When the U.S. freight market is brought up in Indian logistics boardrooms, a certain kind of optimism emerges. In the press releases, you can practically hear it. Tiger Logistics, a Delhi-based freight forwarder that has been discreetly transporting goods across continents for more than 20 years, recently launched CUBOX, a consolidation service for less-than-container loads that is specifically targeted at the American supply chain market. The launch is being presented as standard. Most likely it isn’t.
To put it simply, CUBOX is a service for shippers who don’t have enough cargo to fill a container. Cargo from several shippers is combined into a single box, shipped across the ocean, and disassembled upon arrival. It’s an outdated notion.
| Field | Detail |
|---|---|
| Company | Tiger Logistics (India) Ltd. |
| Founded | 2000 |
| Headquarters | New Delhi, India |
| Chairman & MD | Harpreet Singh Malhotra |
| New Service | CUBOX – Less-than-Container Load (LCL) consolidation |
| VP, Sales (CUBOX) | Kishan Chand |
| Annual Revenue Target (CUBOX) | INR 100 crore+ |
| Initial Focus | B2B shippers, with U.S. trade lanes a priority |
| Future Expansion | Middle East, Latin America, and Africa |
| Listed On | BSE (Symbol: TIGERLOG) |
It’s intriguing to see who is currently pursuing it and where. A few major consolidators have long controlled the majority of the U.S. LCL market, with smaller firms vying for market share. Tiger Logistics appears to believe there is space for one more, and the figures it is presenting—an annual revenue target of more than INR 100 crore from this service alone—indicate that the company isn’t hiding its aspirations.
It’s difficult to miss the energy when you walk into the new CUBOX office in New Delhi. The team is working with the level of urgency you would expect from a startup, not a 25-year-old business, thanks to the presence of senior personnel from the LCL side of the company. There’s a feeling that management is aware of how limited the window is for this kind of action. American importers are searching for more affordable and adaptable options as they continue to recover from the supply chain whiplash of the early 2020s. In the meantime, Indian exporters are sending more goods west than they have in a long time.
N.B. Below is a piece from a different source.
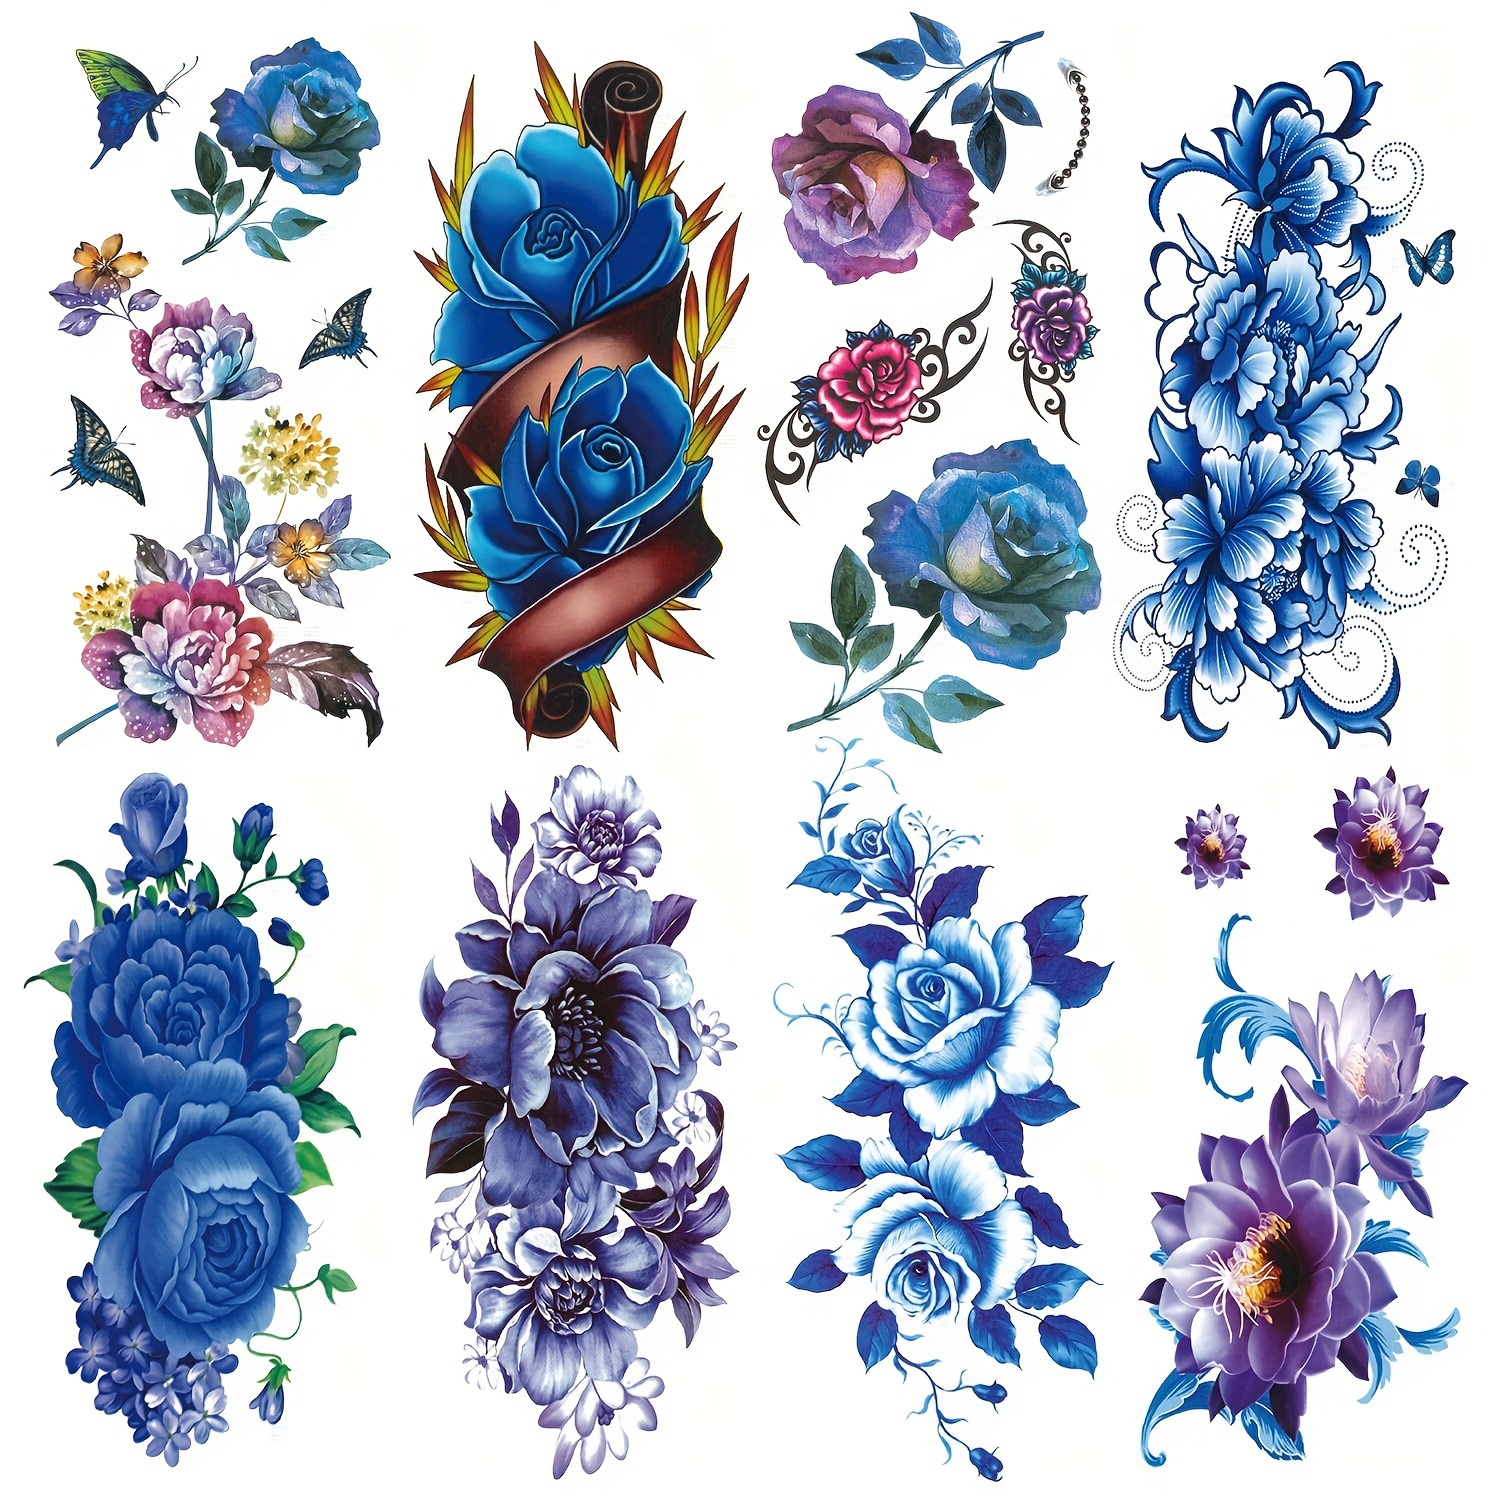 

easy-apply" 8-piece Waterproof Temporary Tattoos - Blue & Purple Roses, Lotus Flowers & Butterflies | Long-lasting Fashion Arm Stickers For Women

Tiger Logistics CEO Harpreet Singh Malhotra has been open about the purpose of CUBOX. He has characterized it as a means of strengthening the company’s hold on international logistics and opening up new revenue streams. The official line is that. According to the unofficial interpretation, Tiger is acting before the larger players further consolidate because it believes that the U.S. market is sufficiently fragmented to be vulnerable. That might be a true reading. Another possibility is that the timing is too tight.
The technology layer is what gives CUBOX a chance. Real-time visibility, route optimization, and cargo tracking. Investors appear to think that these unglamorous tools are what set the upcoming generation of freight consolidators apart from the old crowd. The VP of Sales at CUBOX, Kishan Chand, has discussed changing the B2B logistics environment. bold words. Nobody is yet able to respond to the question of whether the rhetoric and execution match.
In recent years, there have been a hundred different ways to tell the story of the American supply chain. shortages of trucks. port congestion. onshore. reshoring. friend-shoring. The smaller and mid-sized importer—the kind that ships forty cubic meters at a time—has frequently been overlooked throughout it all. On paper, at least, CUBOX is designed for that client. Tiger Logistics will have created something truly beneficial if it succeeds. If it doesn’t, the business will become one of many international forwarders who misjudged the stubbornness of the U.S. market.
As you watch this play out, it’s difficult to ignore how frequently the next major logistics story comes out quietly. One of those could be CUBOX. Or it might not. In any case, the action is a sign of something bigger—an Indian logistics company ready to set up shop in American waters at a time when the majority of its competitors are still turning inward. The upcoming year will reveal a lot.